HealthPartners has plenty of data to show if its patients are healthy, but no clue whether they also are happy.
At least not yet.
The Bloomington-based provider of health care and insurance is launching a new annual survey of people's well-being, because studies suggest that personal satisfaction can promote better health and less need for health care.
That's not to say that positive well-being is a requirement for good health, or vice versa, said Dr. Thomas Kottke, a cardiologist recently named as HealthPartners' medical director for well-being. "There are folks, quadriplegic with broken necks, who have very high levels of well-being."
But HealthPartners nonetheless sees dividends down the road if it can both assess and improve the well-being of the people it serves.
Starting this year, the organization will survey 5,000 of its patients and members on its homegrown definition of well-being, which includes six components: emotional functioning, physical functioning, career satisfaction, adequacy of financial resources, social/interpersonal relations, community support, and meaning and purpose.
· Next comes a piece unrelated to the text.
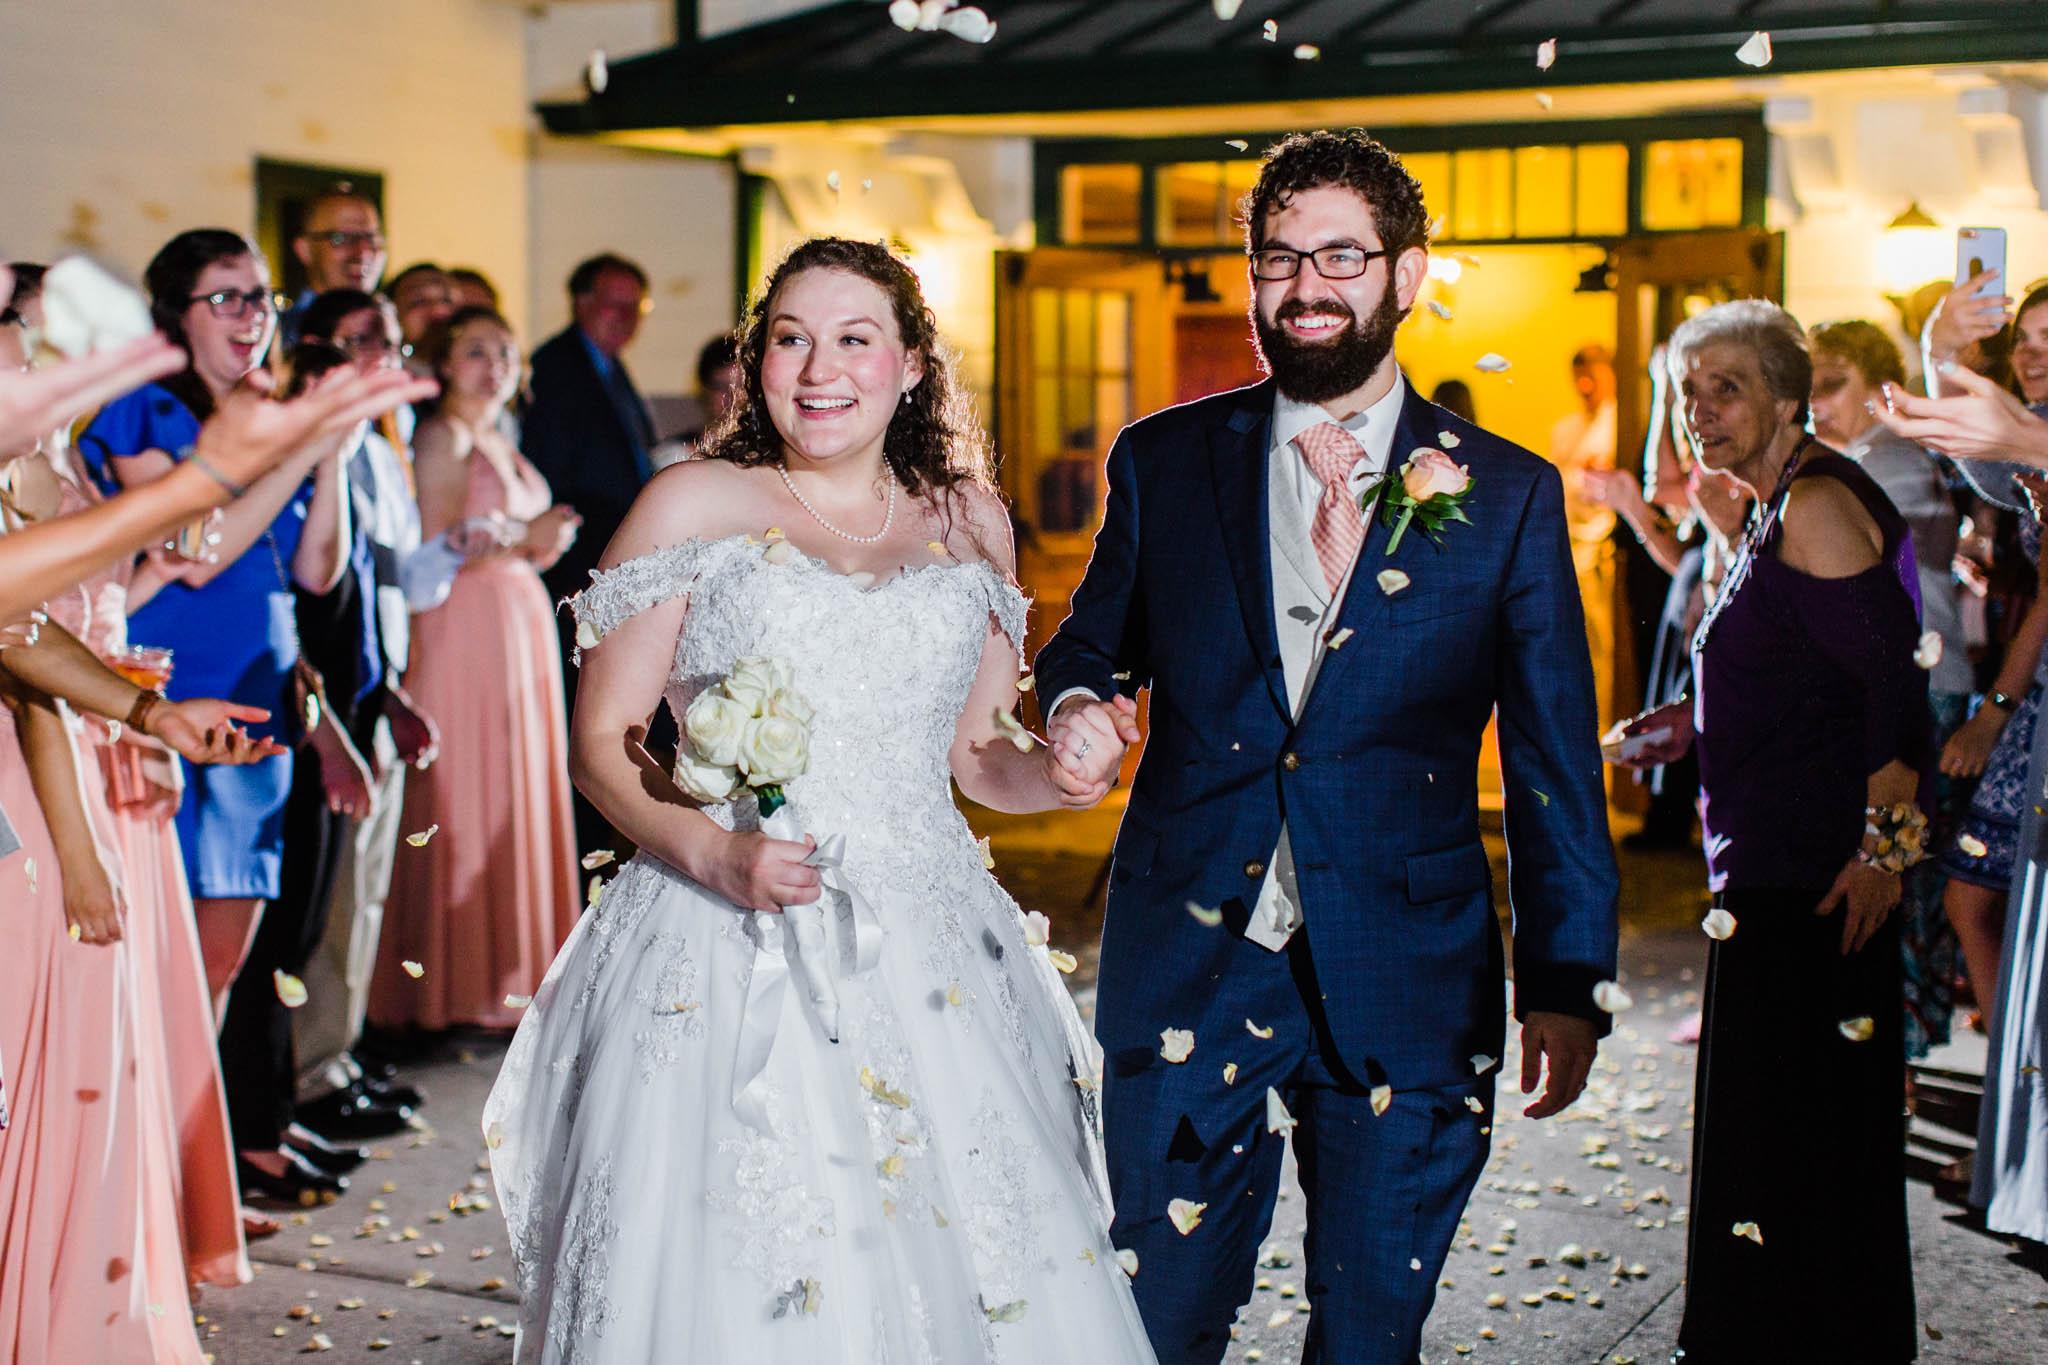 lynchburg-virginia-wedding-photographer-197.jpg

HealthPartners will then aggregate the results and compare whether the sense of well-being in the community improves each year. The organization also hopes to break down survey results by geographic or racial group to see if there are disparities.
Lastly, the well-being results will be compared with HealthPartners' clinical data on whether patients adopt healthy habits, such as exercising and refraining from smoking, or whether they have disabilities or chronic diseases.